The full definition of ODA is:

Flows of official financing administered with the promotion of the economic development and welfare of developing countries as the main objective, and which are concessional in character with a grant element of at least 25 percent (using a fixed 10 percent rate of discount). By convention, ODA flows comprise contributions of donor government agencies, at all levels, to developing countries ("bilateral ODA") and to multilateral institutions. ODA receipts comprise disbursements by bilateral donors and multilateral institutions.
— OECD, Glossary of Statistical Terms

In other words, ODA needs to contain the three elements:
1. undertaken by the official sector (official agencies, including state and local governments, or their executive agencies)
2. with promotion of economic development and welfare as the main objective; and
3. at concessional financial terms (if a loan, having a grant element of at least 25 per cent).

This definition is used to exclude development aid from the two other categories of aid from DAC members:
- Official Aid (OA): Flows which meet conditions of eligibility for inclusion in Official Development Assistance (ODA), other than the fact that the recipients are on Part II of the Development Assistance Committee (DAC) List of Aid Recipients.
- Other Official Flows (OOF): Transactions by the official sector with countries on the List of Aid Recipients which do not meet the conditions for eligibility as Official Development Assistance or Official Aid, either because they are not primarily aimed at development, or because they have a grant element of less than 25 percent.

For example:
- If a donor country accords a grant or a concessional loan to Afghanistan it is classified as ODA, because it is on the Part I list.
- If a donor country accords a grant or a concessional loan to Bahrain it is classified as OA, because it is on the Part II list.
- If a donor country gives military assistance to any other country or territory it is classified as OOF, because it is not aimed at development.

=== Developments since inception ===

The concept of ODA was adopted by the OECD DAC in 1969, creating a standard of international aid based on "promoting the economic and social development of developing countries" in a way that was "intended to be concessional in character". This clarified previous conceptions of aid or development assistance; some grants and loans were now differently categorized as "other official flows (OOF)". It marked an advance on the effort to define aid that had been made in the DAC's 1962 "Directives for reporting aid and resource flows to developing countries". The establishment of ODA provided a basis for most DAC members to commit to the target, set by the United Nations General Assembly in 1970, that economically advanced countries should devote 0.7% of their national incomes to international aid.

The definition of ODA was made firmer in 1972, specifying that qualifying loans should have a grant element of at least 25%. At the same time, donors (except Italy) adopted a target that at least 84% of their overall ODA should be grant, or count as grant element, rather than commercially repayable loan. This proportion was increased to 86% in 1978.

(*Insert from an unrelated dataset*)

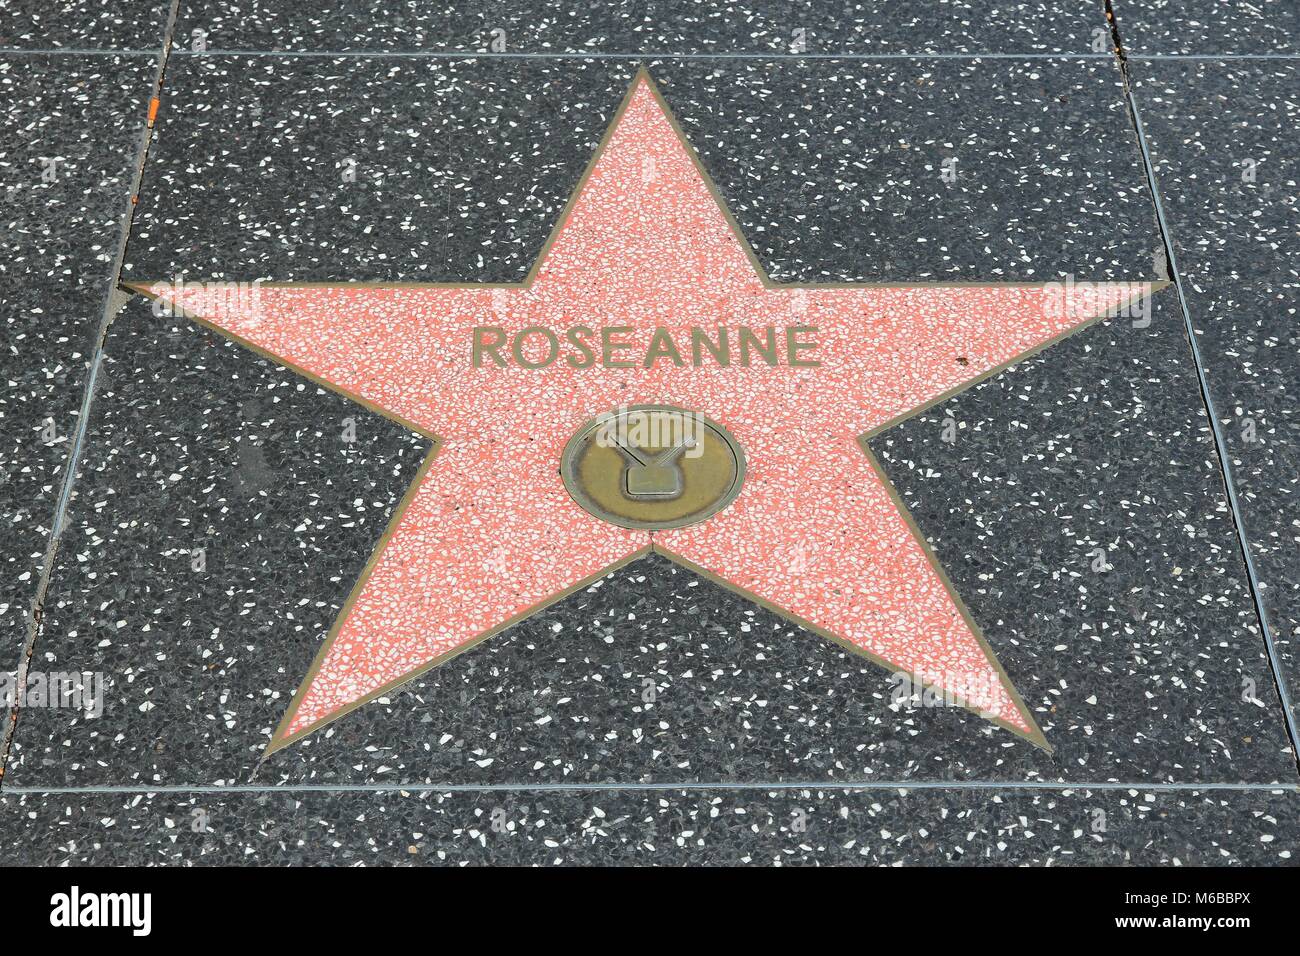 LOS ANGELES, USA - APRIL 5, 2014: Roseanne star at famous Walk of Fame in Hollywood. Hollywood Walk of Fame features more than 2,500 stars with inscri Stock Photo

The legitimacy of "tied aid" (aid dependent on the use of exports from the donor country) had been debated periodically in the DAC. In 1992 the DAC adopted rules for ODA restricting tied aid to lower-income countries and less "commercially viable" projects: restrictions that had been pushed by the U.S. to reduce protectionism in the world trading system. The DAC made a further recommendation on untying in 2001.

In 2012 the DAC began a process of modernizing its statistical system and reforming some of the ways in which ODA is counted. In 2014 the DAC donors agreed that ODA should measure the "grant equivalent" of loans estimated at the time of the loan, rather than loan inflows and outflows as they occurred. It took five years, however, before this was implemented. Between 2016 and 2018 the rules were clarified for counting incidental developmental contributions by foreign military forces when deployed in underdeveloped countries for peace and security purposes. In this period there was also clarification of the criteria for counting some in-donor refugee costs as humanitarian assistance ODA. In 2019, the DAC switched its main reporting of ODA loans to the grant equivalent basis. But this approach creates problems for the accounting of debt relief within ODA, and donors only reached consensus on how to treat this in 2020.

As of 2020, two major items remained as works in progress in the aid modernization agenda: the counting of aid provided through private sector instruments (PSIs), and the construction of a system for measuring broader contributions to global public goods in support of the 2030 Agenda for Sustainable Development. The latter type of aid is expected to be recorded as Total Official Support for Sustainable Development (TOSSD), and will be a separate category from ODA.

=== 0.7% target ===
The target of spending 0.7% of gross national income on ODA is the best known international aid target. It was formalised on 24 October 1970, when the UN General Assembly adopted a resolution which included the goal that "Each economically advanced country will progressively increase its official development assistance to the developing countries and will exert its best efforts to reach a minimum net amount of 0.7% of its gross national product at market prices by the middle of the Decade [by 1975]." Sweden and the Netherlands were the first countries to meet the target, in 1974, but it has been met by few other countries since.

=== Overall quantity ===
In 2019, the annual amount of state donor aid counted as ODA was US$168 billion, of which US$152 billion came from DAC donors. In the decade 2010–2019, average annual ODA was US$151.5 billion (in 2018 prices).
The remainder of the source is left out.